Assignment
Look below for the line that has "GV - Bermuda Golf - Mid Ocean golf course"; output exactly from it through the line that has "Modern White Kitchen", and leave the pictures out.

Data extracts

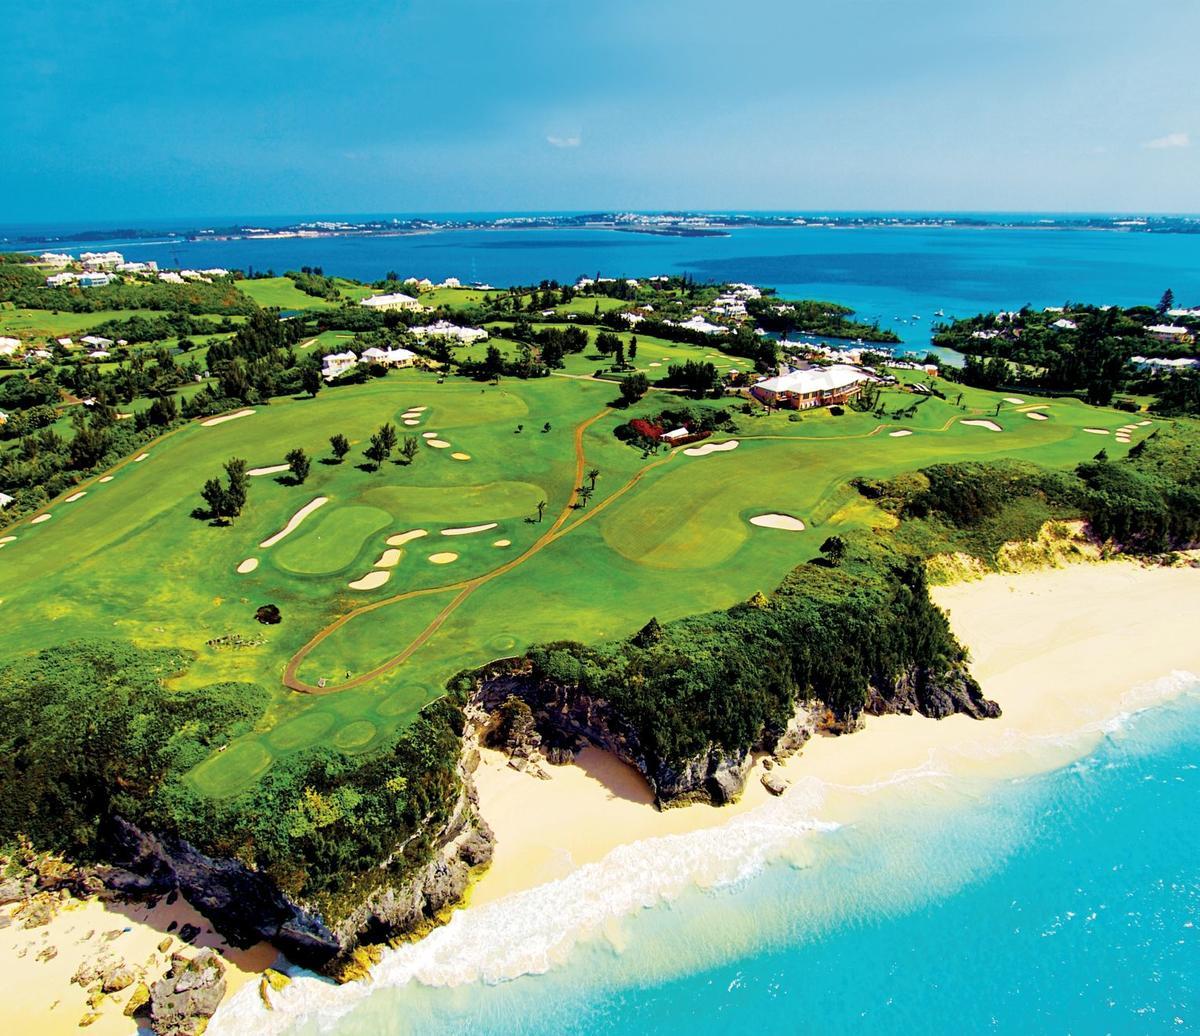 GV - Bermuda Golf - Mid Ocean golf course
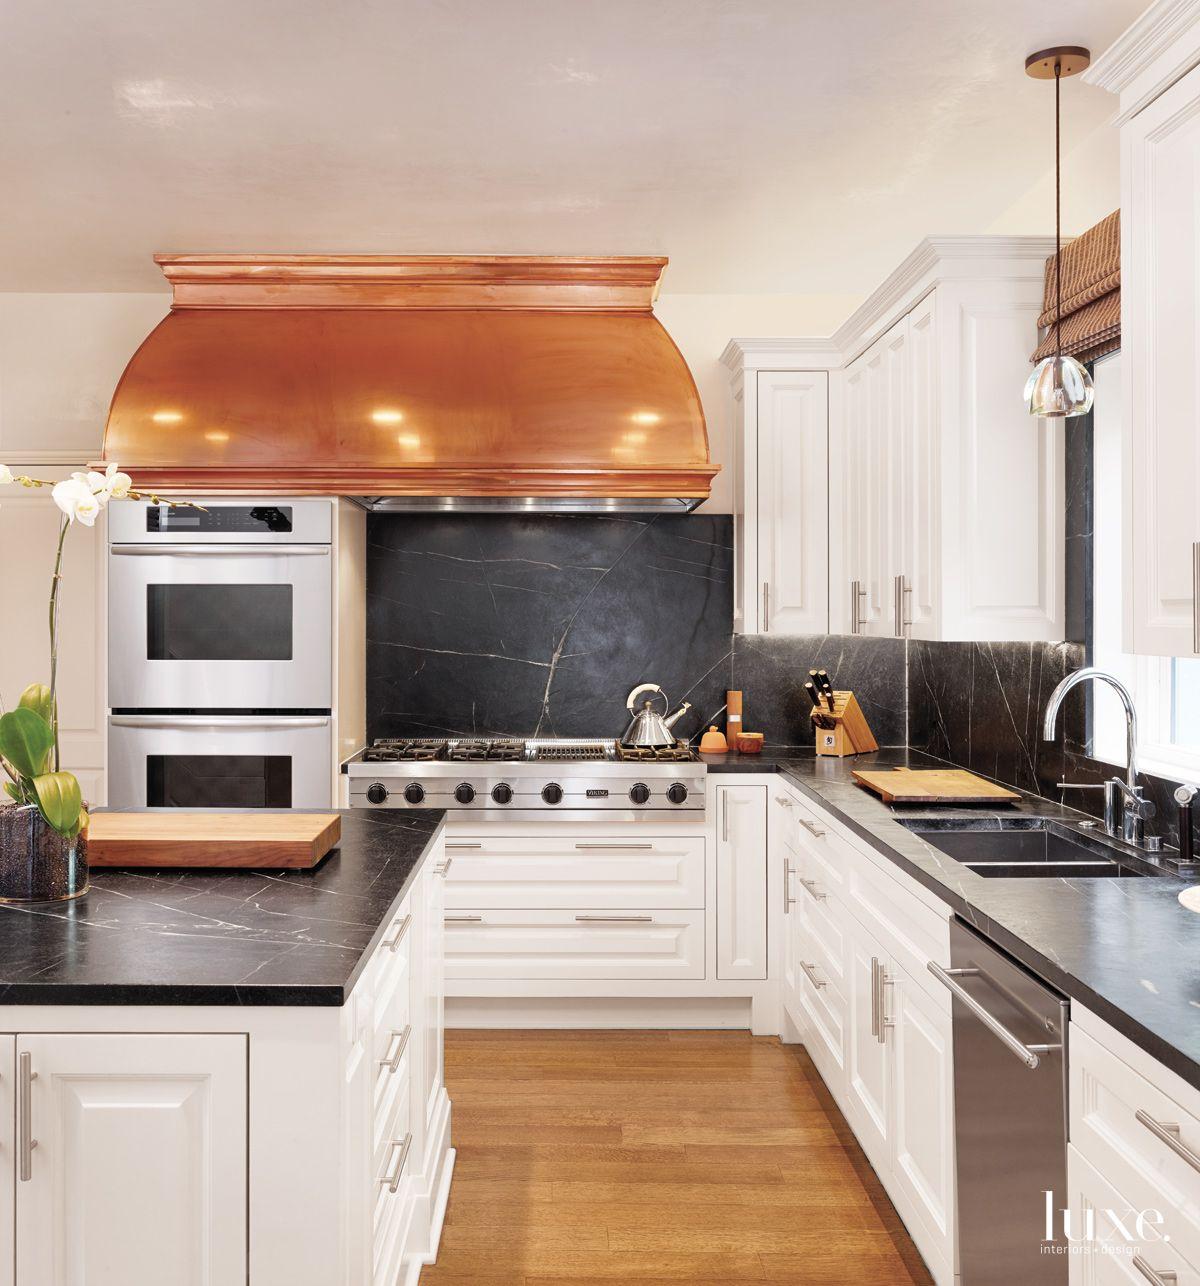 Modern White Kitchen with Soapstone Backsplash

==

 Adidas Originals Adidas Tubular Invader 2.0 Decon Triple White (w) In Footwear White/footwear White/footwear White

...

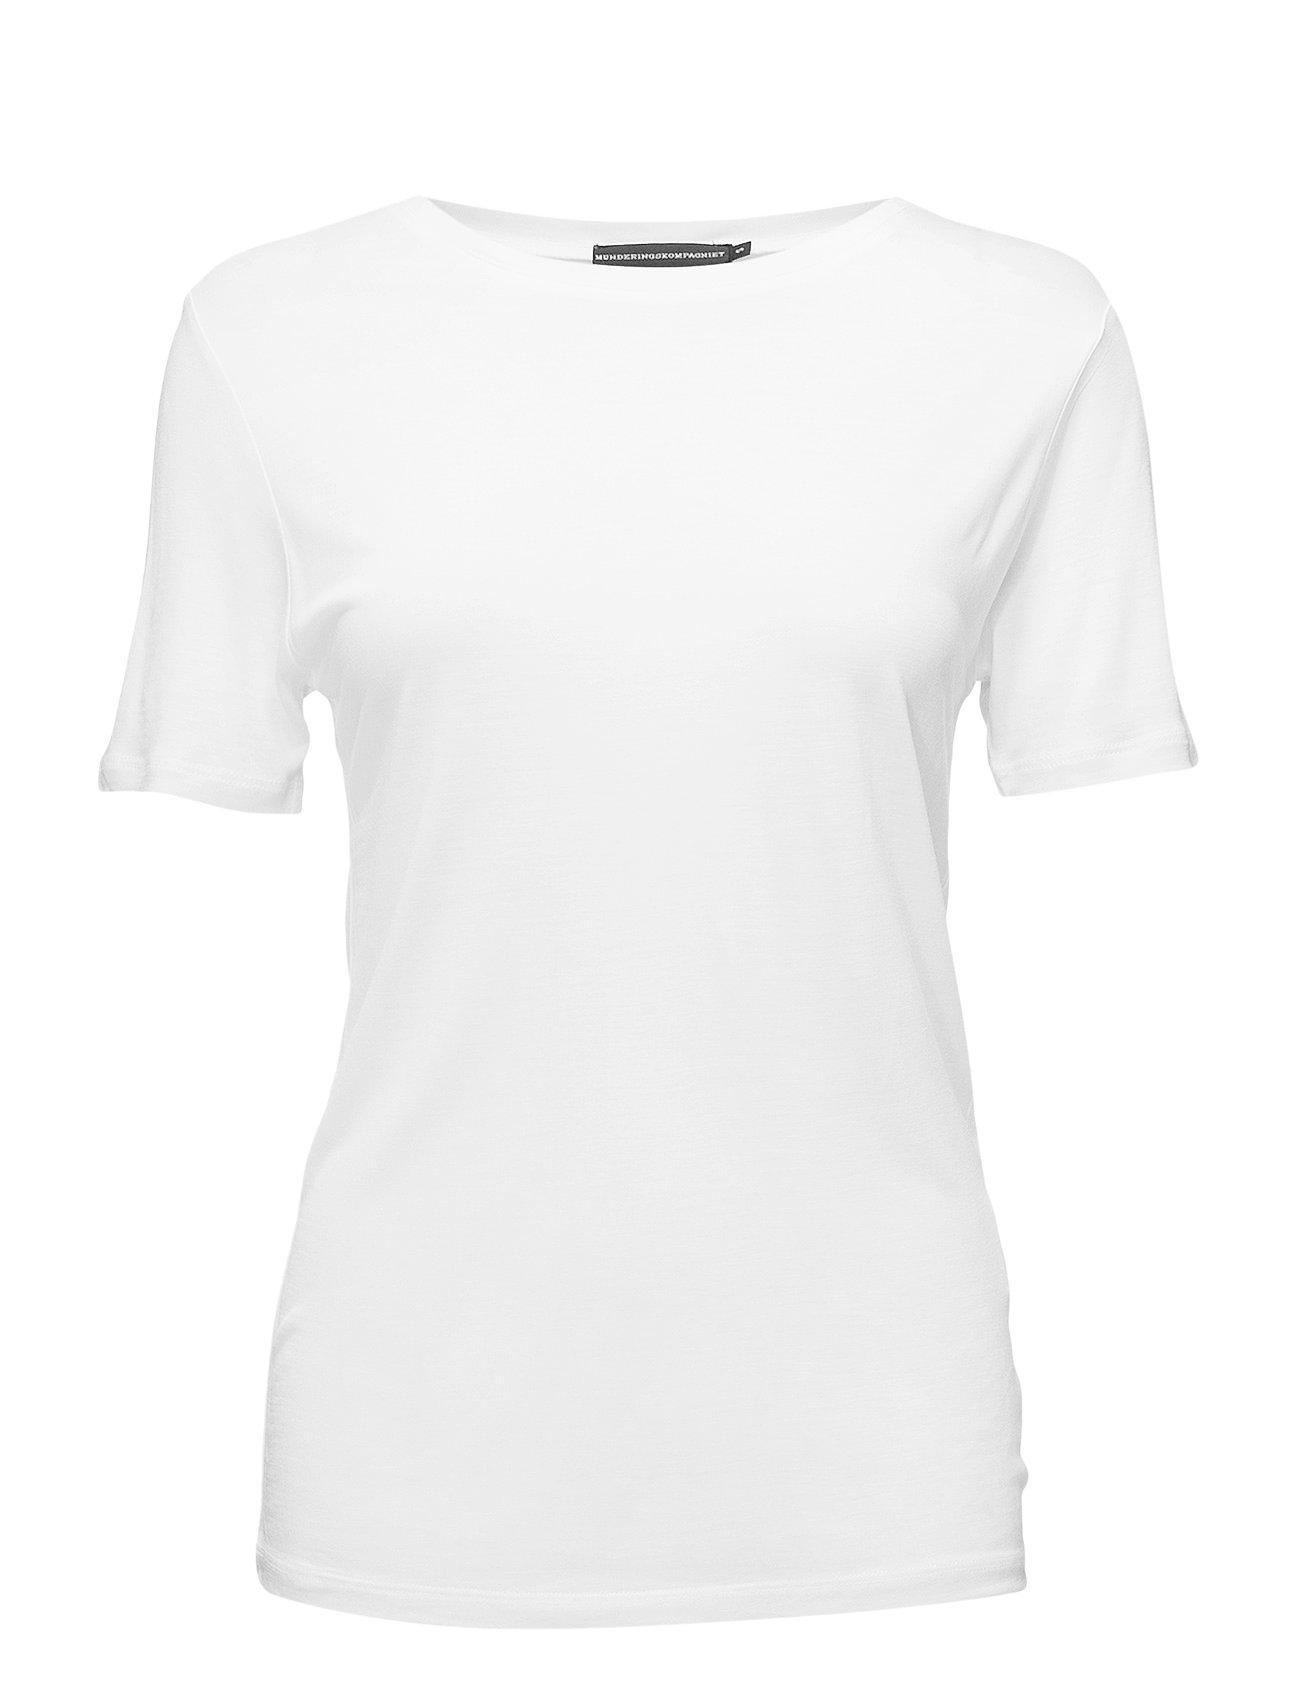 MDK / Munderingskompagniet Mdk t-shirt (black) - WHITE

Answer space
 GV - Bermuda Golf - Mid Ocean golf course
 Modern White Kitchen with Soapstone Backsplash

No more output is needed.